In recent weeks, Tesla have been crushing all expectations as the stock has soared to $524.86 by Monday afternoon (NASDAQ). The recent movements have been very hard to predict as more and more speculators are getting onboard. At $200 in May 2019, many people believed Telsa was overpriced and that it was unlikely to see anymore growth with a downtrend in revenue. This was until Oct 23 2019, when Tesla posted a profitable quarter surprising many investors. This information along with exciting international opportunities rallied the markets to post Tesla into the stratosphere with the stock breaking into the $400 mark. The continual rise has worried some investors that it is becoming a bubble and with an abundance of speculation it may cause a huge decline in the coming days/weeks. The biggest risk is that at such a high price, the risk is much greater than the reward as many speculators will want to cash out as soon as a downfall comes. With no dividend payments is does pose a huge fundamental risk for long terms stakeholders. However, if you got in under $450 well done, you have beat the market!

Why the rally?

Let’s keep it simple

  1. Profitable Q3 driving investor confidence in it’s long term success
  2. Opportunity in China with a new $2 billion factory that will manufacture the more affordable Model 3. This will make the electric car accessible to the everyday person.
  3. Now worth $93 billion in market cap, it is bigger than Ford and GM ; two giants in the automotive industry.
  4. 50% increase in output (electric cars) in 2019
  5. Speccies – speculators trying to grab onto a quick profit as Tesla’s stock price increases. A very risky move. Not so much a cause but a result of the rally.

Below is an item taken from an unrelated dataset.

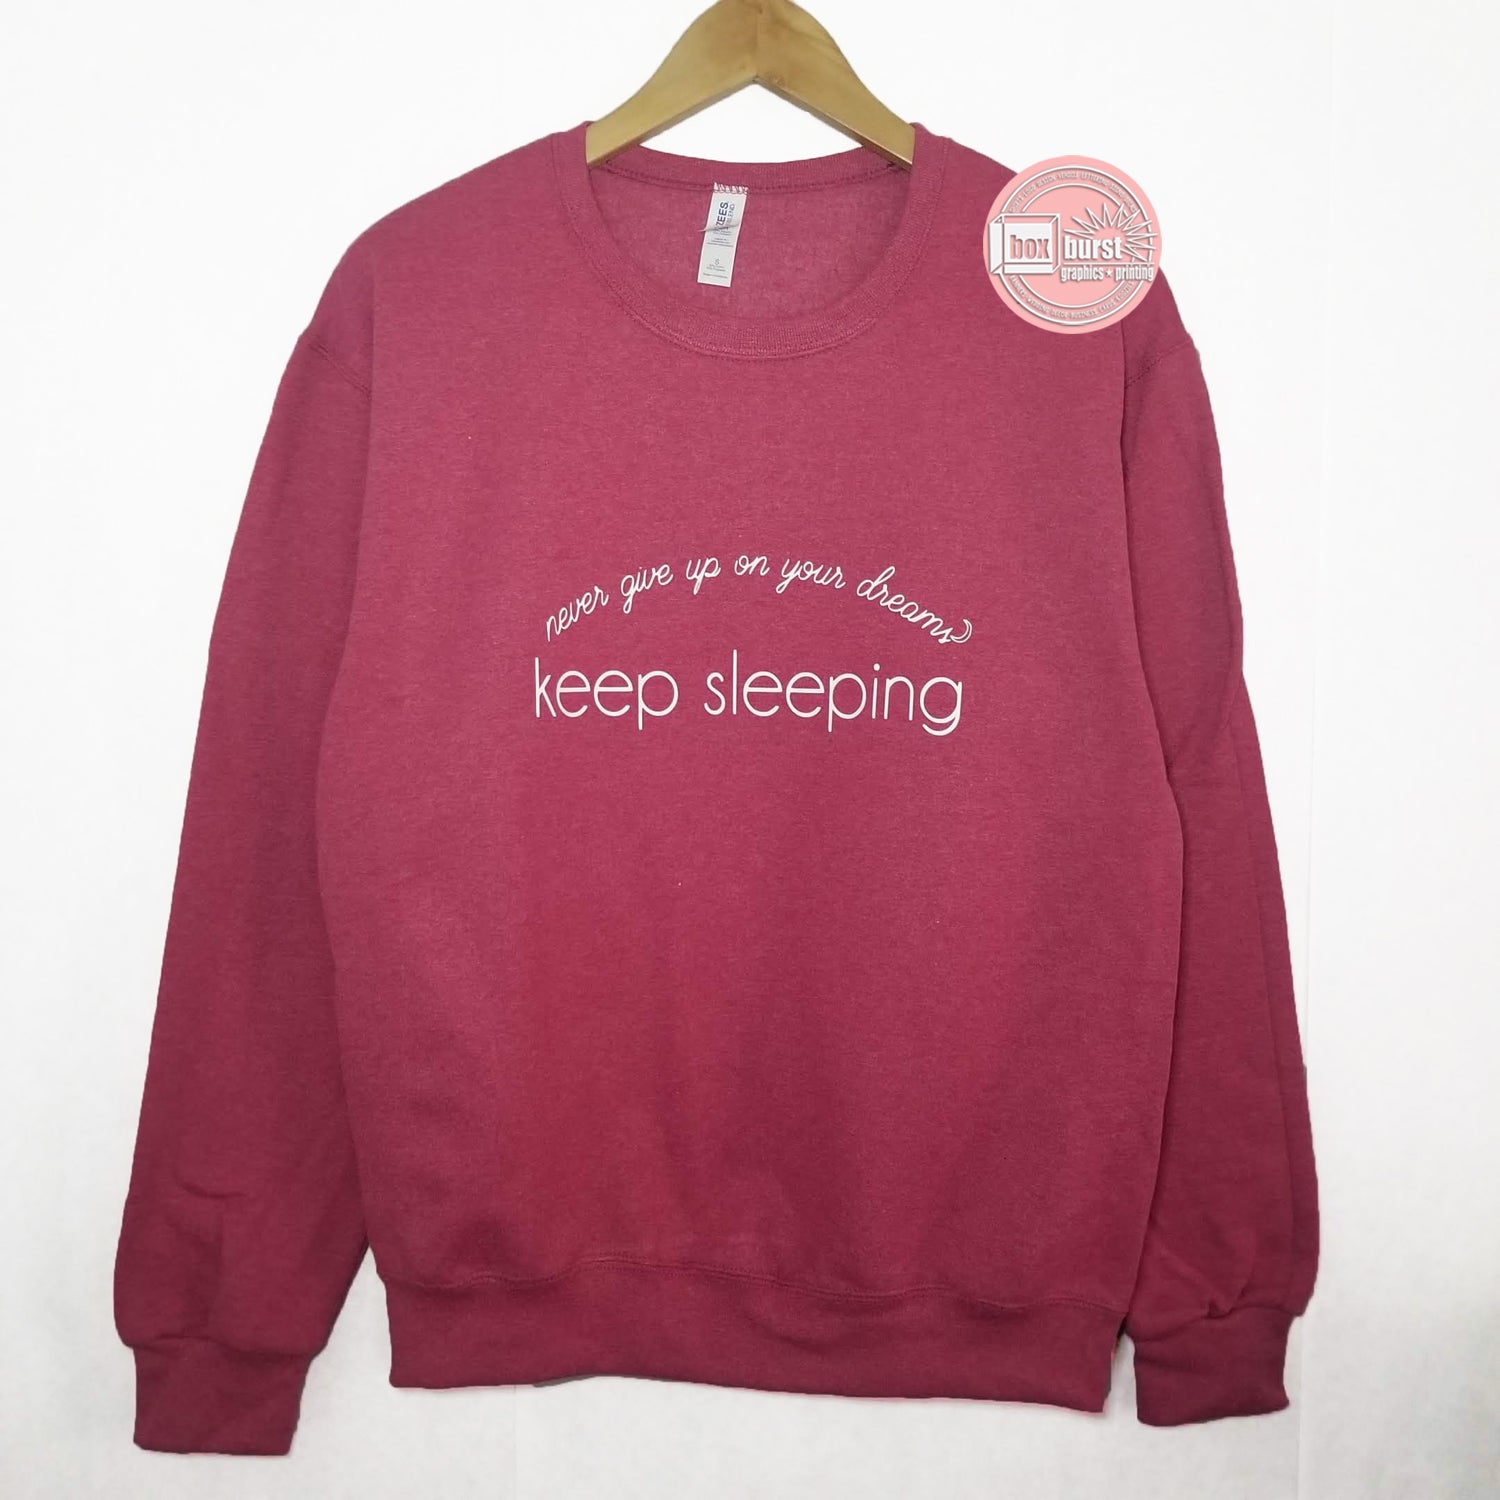 Never give up on your dreams, keep sleeping crew neck sweater

Early birds are now very rich

At IPO Tesla’s share price was $17, and climbed to $19.70 in it’s first days of trading. If you bought Tesla at this price I have no doubt you’d be already sorting out your retirement  (assuming you haven’t sold yet). After speaking with some people who had invested with Tesla, it seems as though many had sold between $200-350 as the share price seemed to have reached it’s ceiling. Now, if you had bought 2353 shares at $17 totalling to $40k exactly – you would now be sitting on roughly $1,232,972 USD. Not bad right…. Even investing $40,000 late last year at $350, would have made you an extra $20,000 including brokering fees. It is quite remarkable how the market will always find a way to surprise even the most experienced investors. In this case, the risk has definitely reaped it’s rewards for investors brave enough.

The information above should not be taken as financial advice. Youth Investment Group has no liability for personal financial interests or investment decisions. You should make your own investment decisions based upon your own research and what you believe is best for you.